Row-Level Security in Embedded Analytics

  • When Bold BI dashboards are embedded within external web or SaaS applications, Row-Level Security remains just as important. Users often authenticate through the host application, and dashboards are embedded using JavaScript SDK or iframe URLs.

  • The recommended method for Row-Level Security in embedded analytics is through filter parameters passed during embedding. These parameters act similarly to user filters or isolation codes but are passed programmatically during dashboard load. For example, you can embed a dashboard and append a region filter like region = ‘South’, ensuring only relevant data is visible to the end user.
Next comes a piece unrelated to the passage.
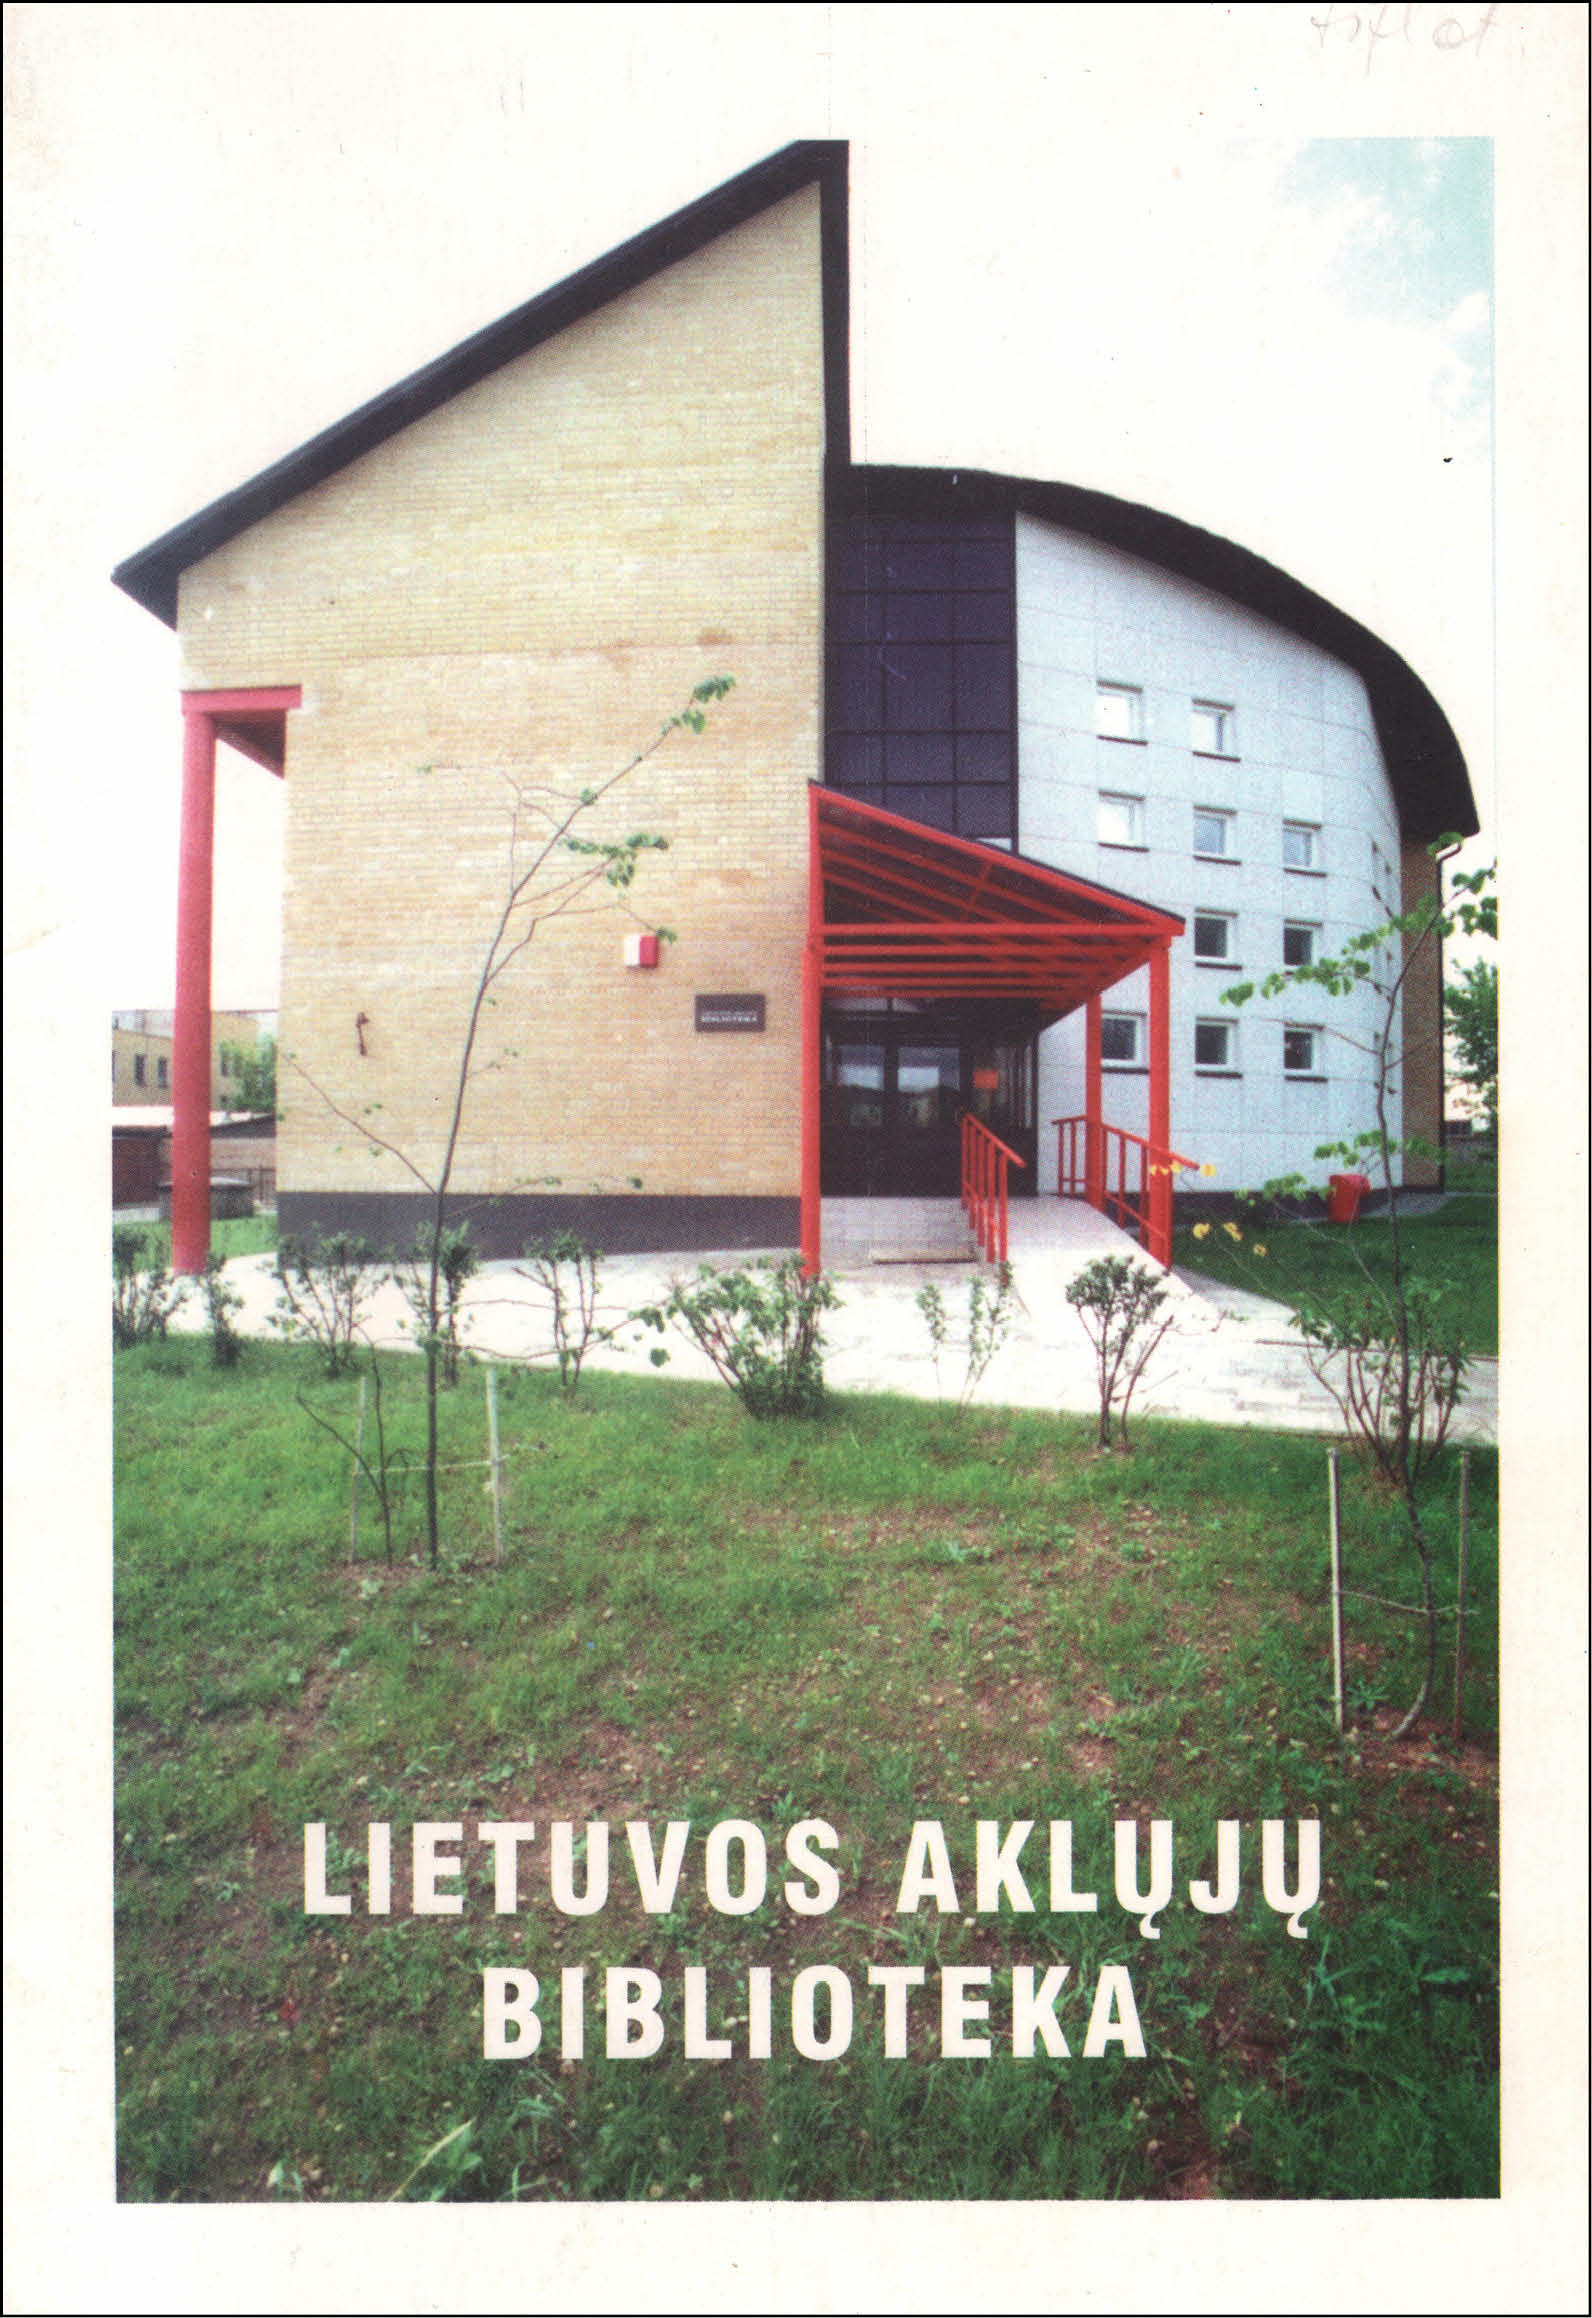 Kuolienė, Jadvyga. Lietuvos aklųjų biblioteka. – Vilnius, 1997. Knygos viršelis.
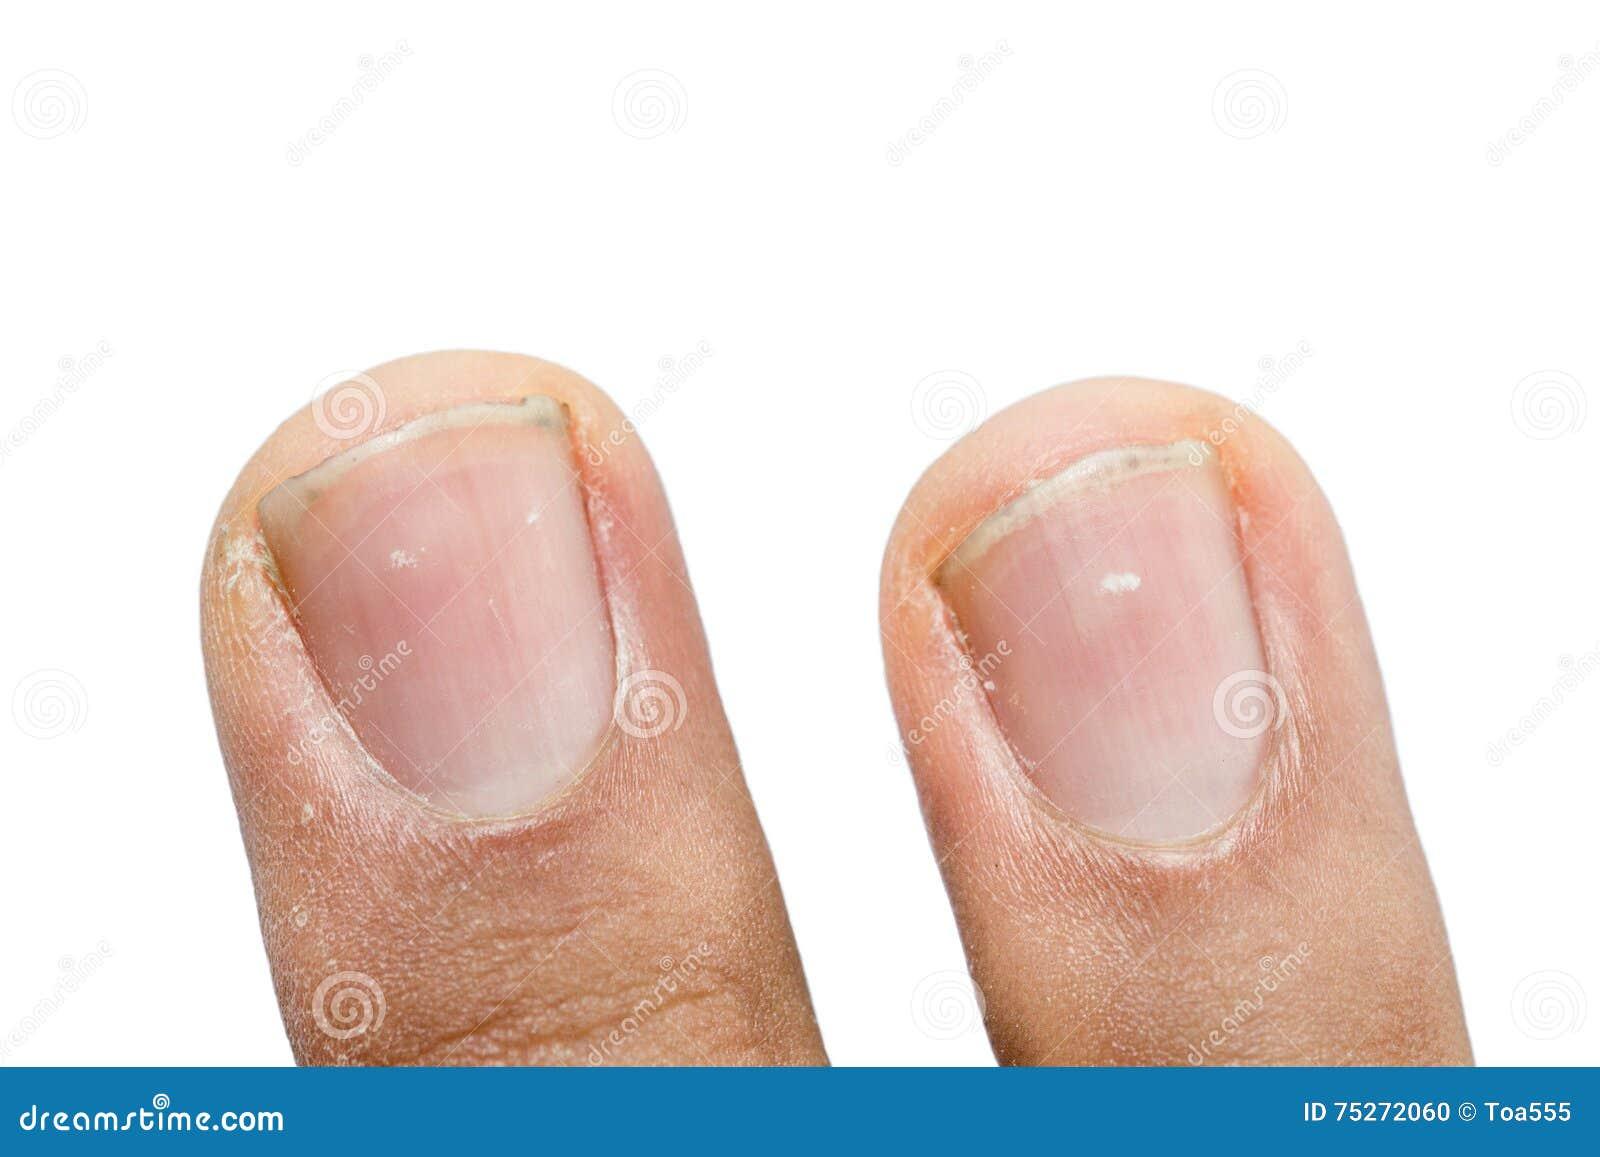 Белые пятна на ногтях рук что это означает?

  • This method gives developers full control over what each user sees, without storing sensitive filter logic in the frontend. It’s widely used in SaaS platforms where thousands of customers access the same dashboard template, and each must view only their data.

    • This is especially useful in customer-facing portals (e.g., billing dashboards, product usage metrics, user performance) where security and personalization are critical and where dashboards are part of a larger application ecosystem.

When to Use Which RLS Mechanism

Choosing the right method depends on your deployment type, dashboard usage, and user base.

  • Use User Filters when your audience is internal, and the access rules are based on static mappings like department, user ID, or email. It’s quick and easy to implement.

  • Use Isolation Codes in on-premises multi-tenant setups where a single site serves multiple clients or departments, and data isolation needs to be enforced across all dashboards.

  • Use Custom Attributes when the filtering needs are dynamic or complex, and you want to apply logic at the SQL query level.

  • Use Filter Parameters in Embedding when dashboards are consumed through third-party applications and need to reflect application-level user context.

Each of these can be used independently or in combination, depending on your project’s complexity.

Use Case Scenarios

  • Regional Sales Reporting: A single dashboard tracks sales across the country. Sales reps see only their region using user filters; managers use custom attributes to view multiple regions.
  • Client-Specific Dashboards in SaaS: A SaaS provider embeds a usage dashboard for all clients. Using embedding filters or isolation codes, each client views only their usage metrics without needing separate dashboards.
  • Hospital Patient Monitoring: Doctors access a patient summary dashboard where they see only patients assigned to them. This is enforced using user filters tied to their user IDs.
  • Education Platforms: In a school management system, dashboards display student performance. Teachers see only students in their class using custom attributes, while administrators see all.

Conclusion

Row-Level Security in Bold BI is a flexible and essential feature for delivering personalized, secure, and scalable analytics experiences. With multiple configuration options, organizations can choose the method that best fits their architecture, whether it’s internal BI usage or embedded analytics in customer-facing apps. By leveraging Row-Level Security effectively, teams can protect sensitive data, reduce development overhead, and provide consistent and meaningful insights to every user.